From problems to solutions: Emerging models of Natural Climate Solutions
We know the world’s soil currently holds about twice as much carbon as the atmosphere, and improper management of that soil releases carbon into the atmosphere. So focusing on soil health is not only a “natural” climate solution, it also has the potential to contribute up to a third of the global mitigation needed by 2030, if we are to keep climate change from getting out of control. What does science say are the most effective ways to do this? Broadly these include: improved fertilizer & manure management, continuous living cover crops, minimized tillage or no-till planting strategies, rotational grazing strategies, conversion of annual crop fields to perennial crop fields, and agroforestry, or the incorporation of trees (fruit, nut or timber) into crop and livestock systems. The Clean Wisconsin Science Team and Natural Climate Solutions Team are working together to quantify the efficacy of these approaches for Wisconsin’s specific soils, climate, and agriculture.
Some Natural Climate Solutions lower overhead costs for farmers and increase income potential through agricultural product diversification. However, transitioning our simplified production systems to more complex systems that work within the ecology of the soil, plants, and animals on a farm is no easy task. Change is hard, it can be messy, and it can be expensive. In order to incentivize the change we need, our farmers need access to stable, diversified markets and processing facilities that meet the needs of all scales of farming operations in Wisconsin, as well as policy incentives for farmers to adopt improved farming practices. These remain the largest deterrents to farmers’ adoption of Natural Climate Solutions.
In advance of the November 2022 election, Clean Wisconsin is laying the groundwork for this transition by conducting scientific analyses on best “climate-smart” agricultural practices for the specific soils and crops in Wisconsin.

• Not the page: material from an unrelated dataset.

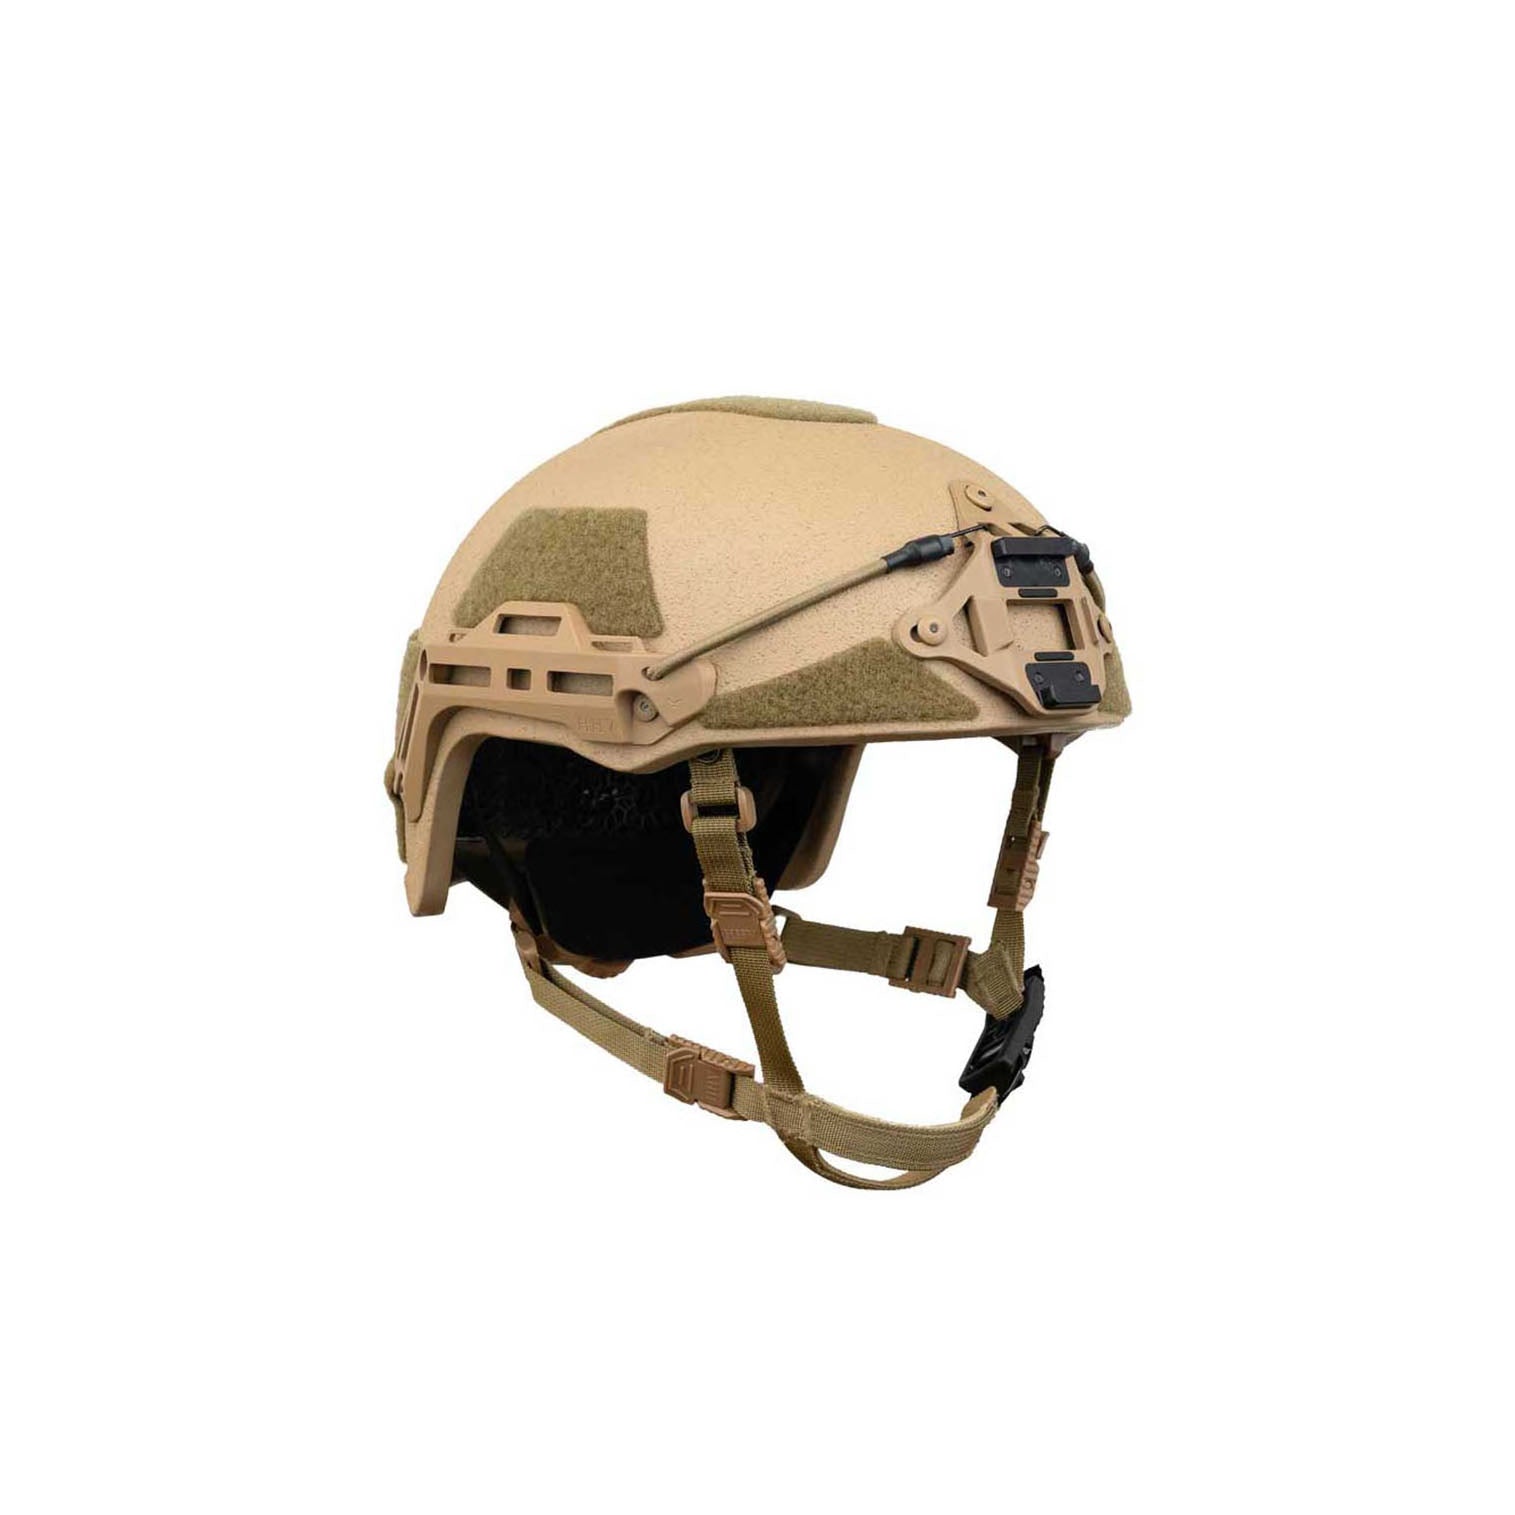 Tan Gen 3 ballistic helmet

We are building relationships and advancing discussions with key stakeholders in the public, private and civic sectors, in order to build coalitions and inform policy development that is a win-win-win for all stakeholders in Wisconsin. And we are leveraging the best of scientific and traditional ecological knowledge to propose a package of Natural Climate Solutions policies for the next legislative session.
It is going to take deepening relationships and a coordinated effort built on trust and reciprocity for us to achieve the necessary critical mass to address the looming climate crisis. Clean Wisconsin will be sure to send you regular updates with opportunities to contact your legislators to support Natural Climate Solutions that protect our food, water, air and natural heritage. In the meantime, support your local farmers who are using nature-friendly practices such as agroecology or conservation farming, and increase the demand at your local markets to support these farmers! We all eat, we’re all in this together.